**Supplied information**:
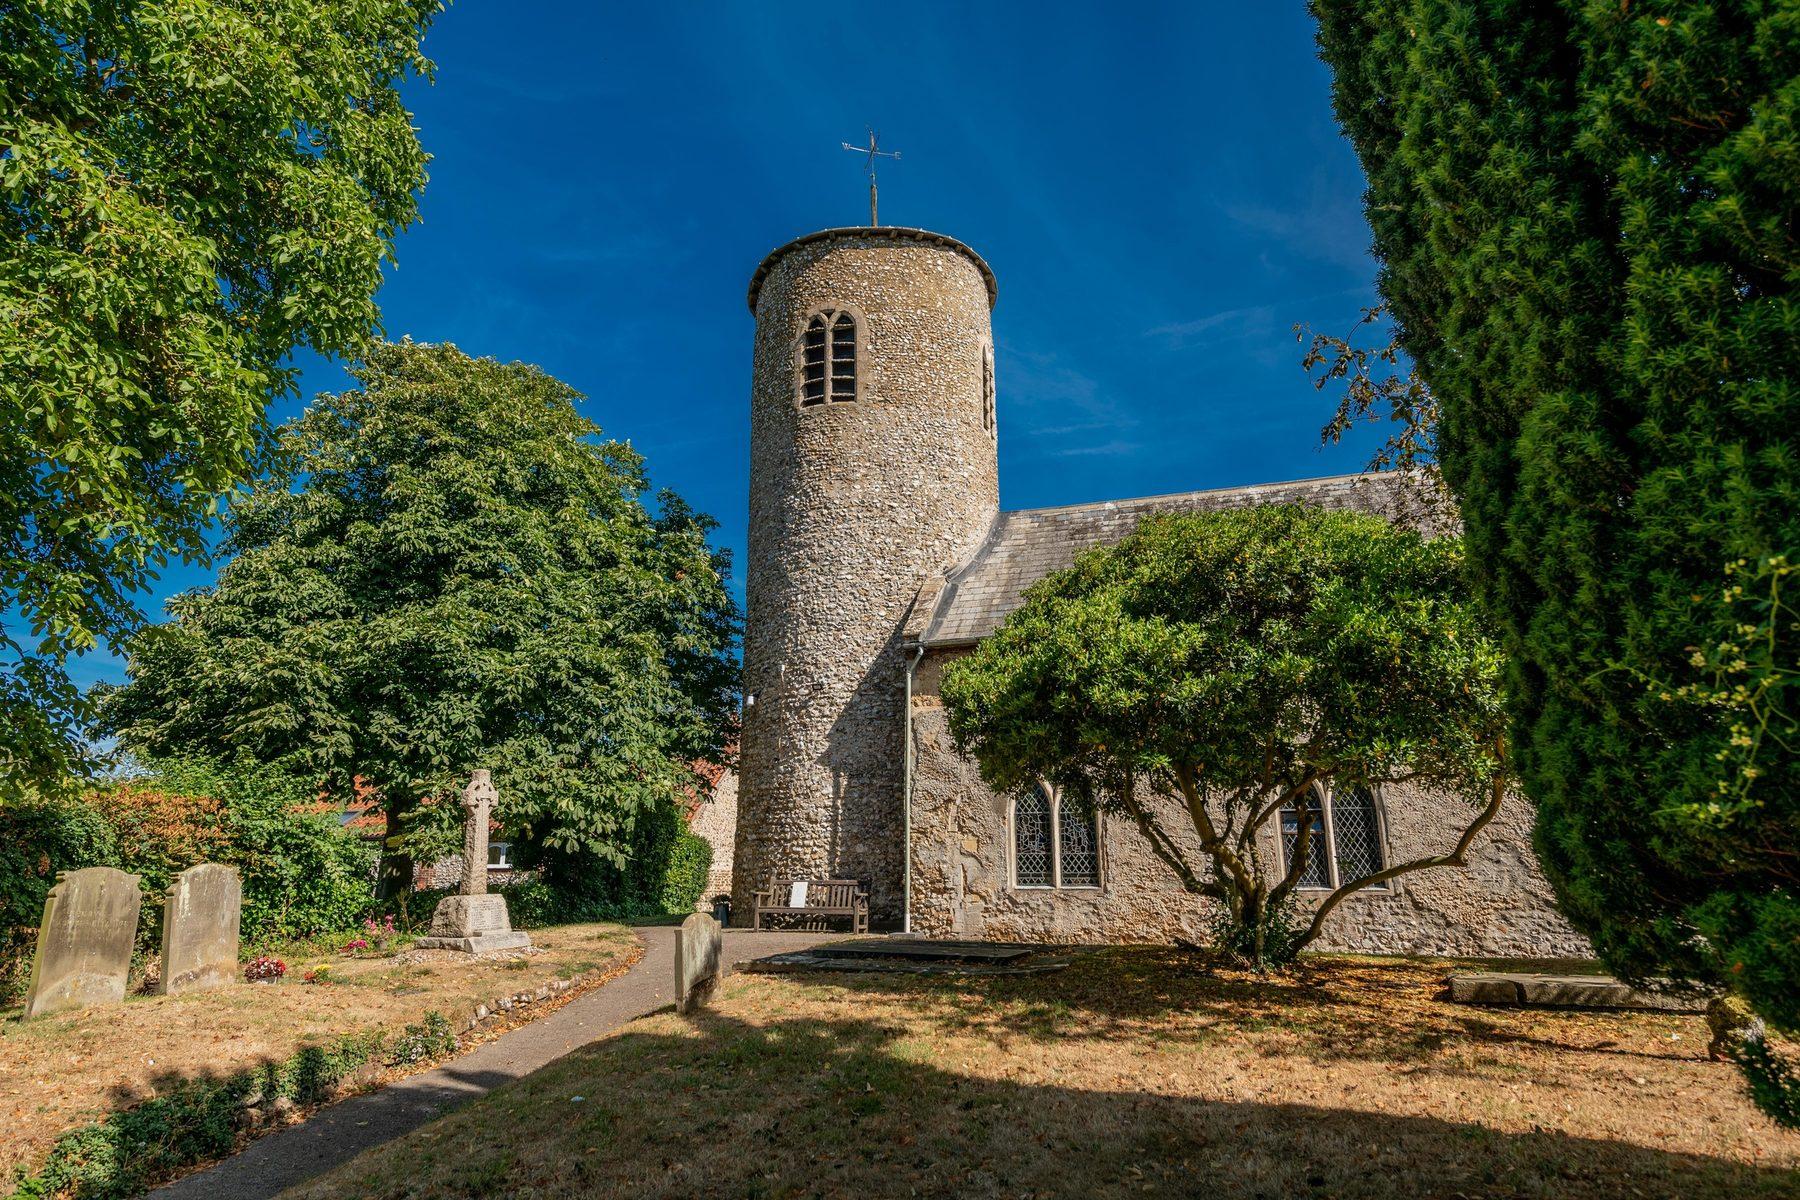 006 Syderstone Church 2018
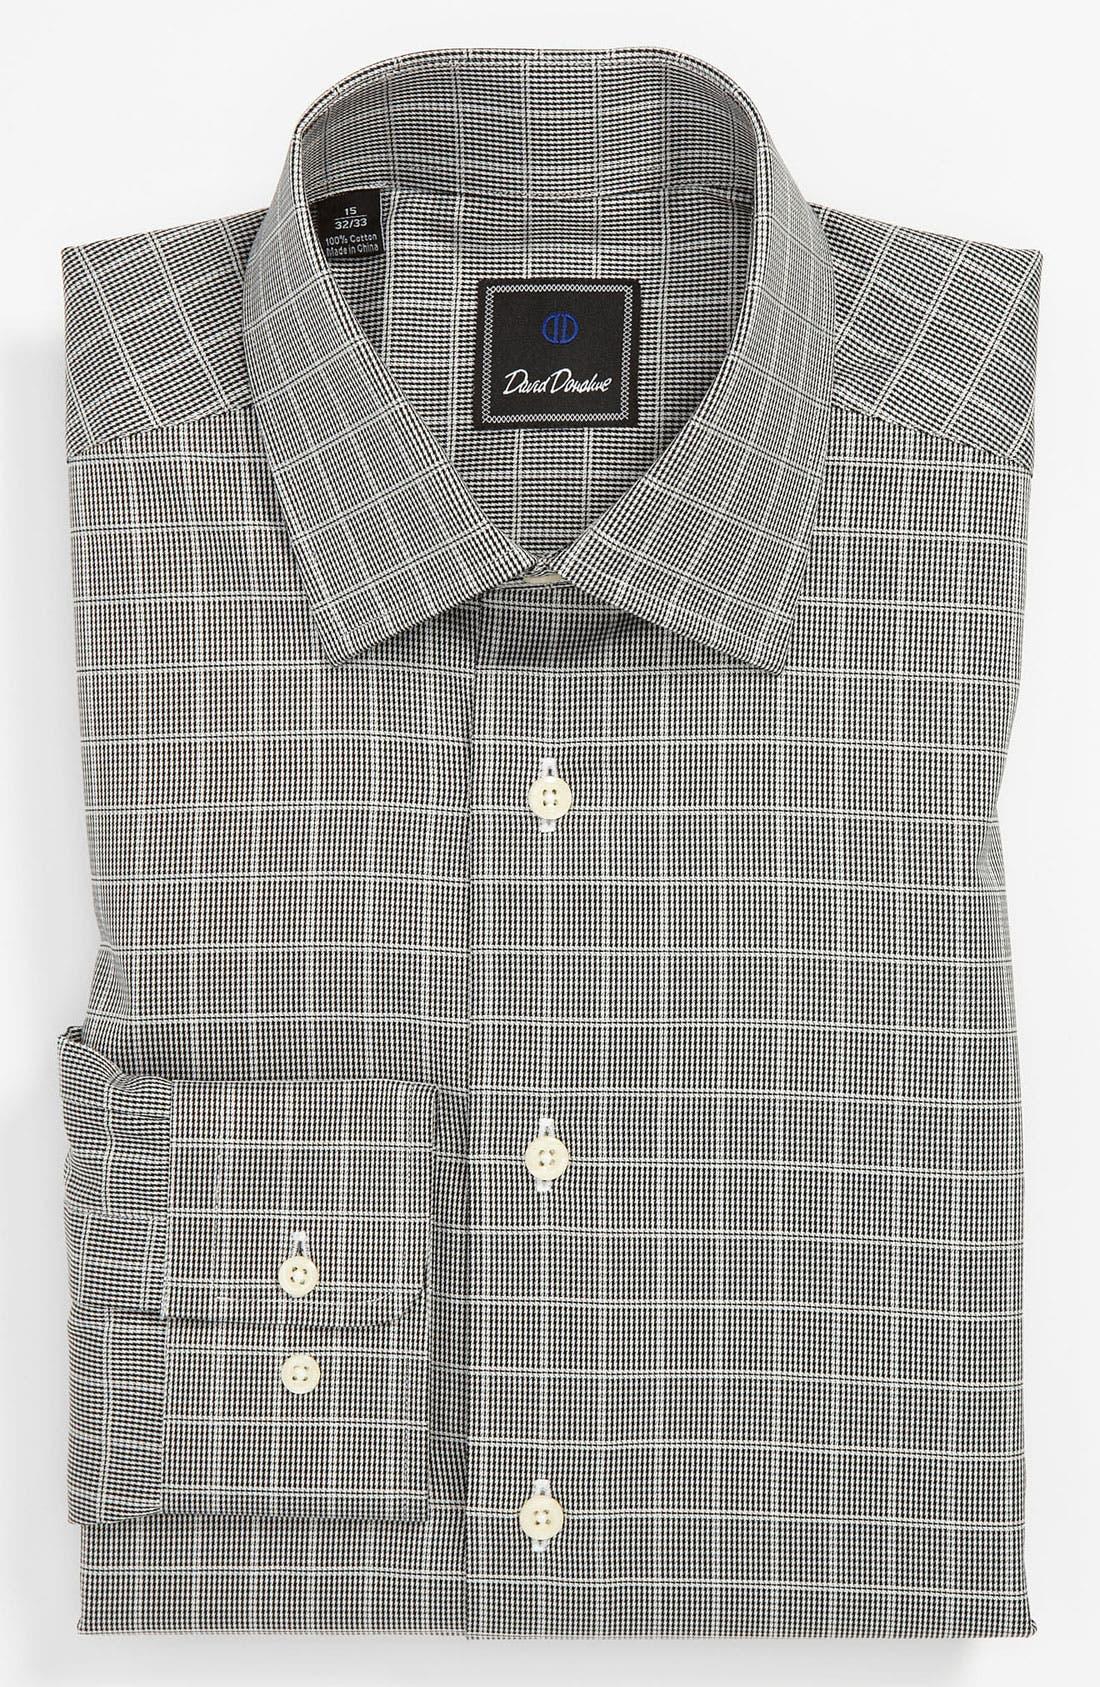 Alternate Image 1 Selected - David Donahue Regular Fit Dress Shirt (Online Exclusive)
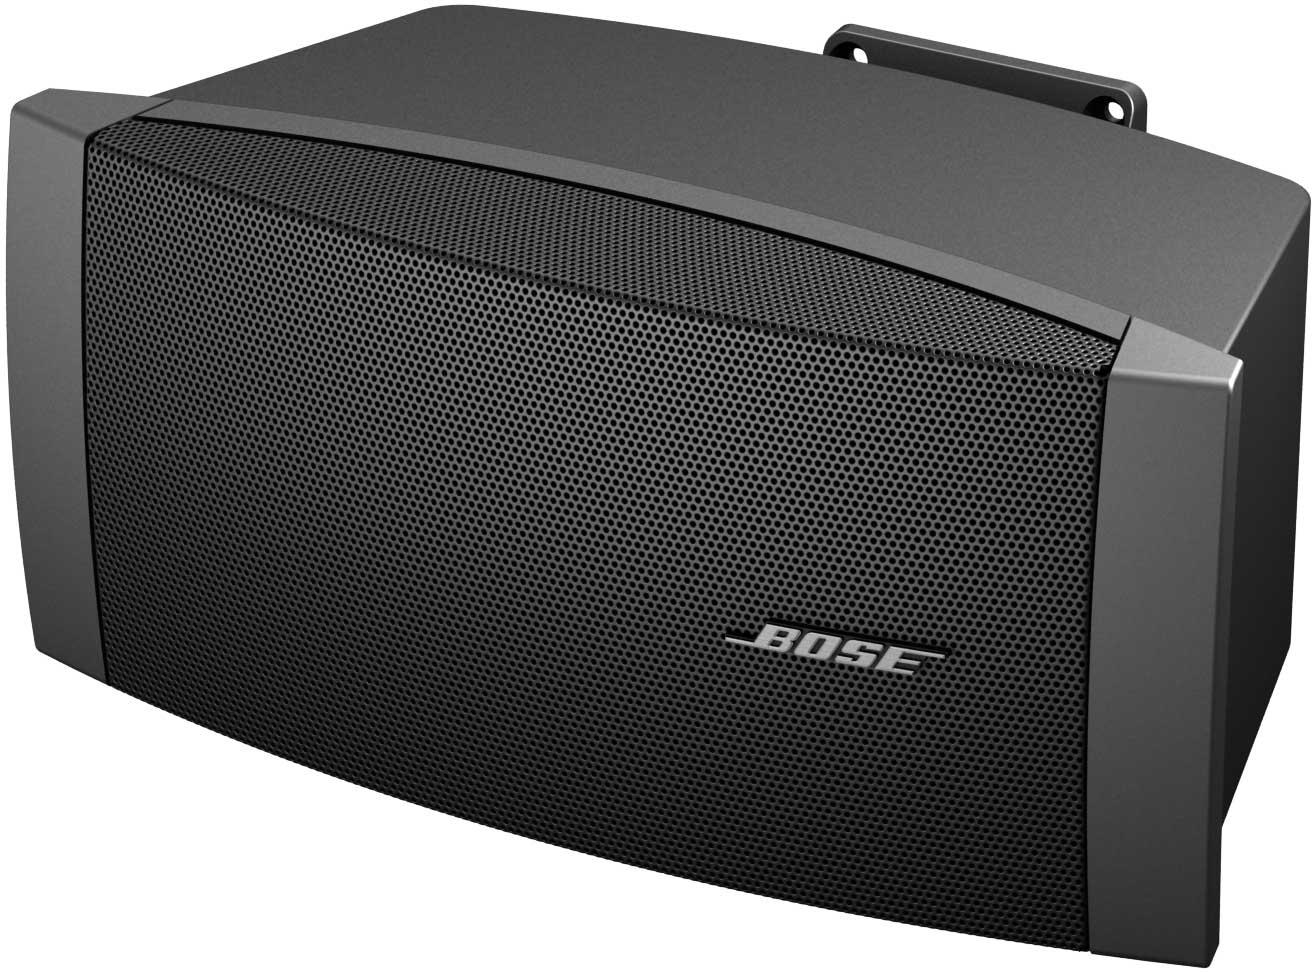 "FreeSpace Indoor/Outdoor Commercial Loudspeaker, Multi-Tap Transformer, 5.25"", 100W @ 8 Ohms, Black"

**About this exercise**: Without any of its images, the data above should be returned exactly.

**Finished task**:
 006 Syderstone Church 2018
 Alternate Image 1 Selected - David Donahue Regular Fit Dress Shirt (Online Exclusive)
 "FreeSpace Indoor/Outdoor Commercial Loudspeaker, Multi-Tap Transformer, 5.25"", 100W @ 8 Ohms, Black"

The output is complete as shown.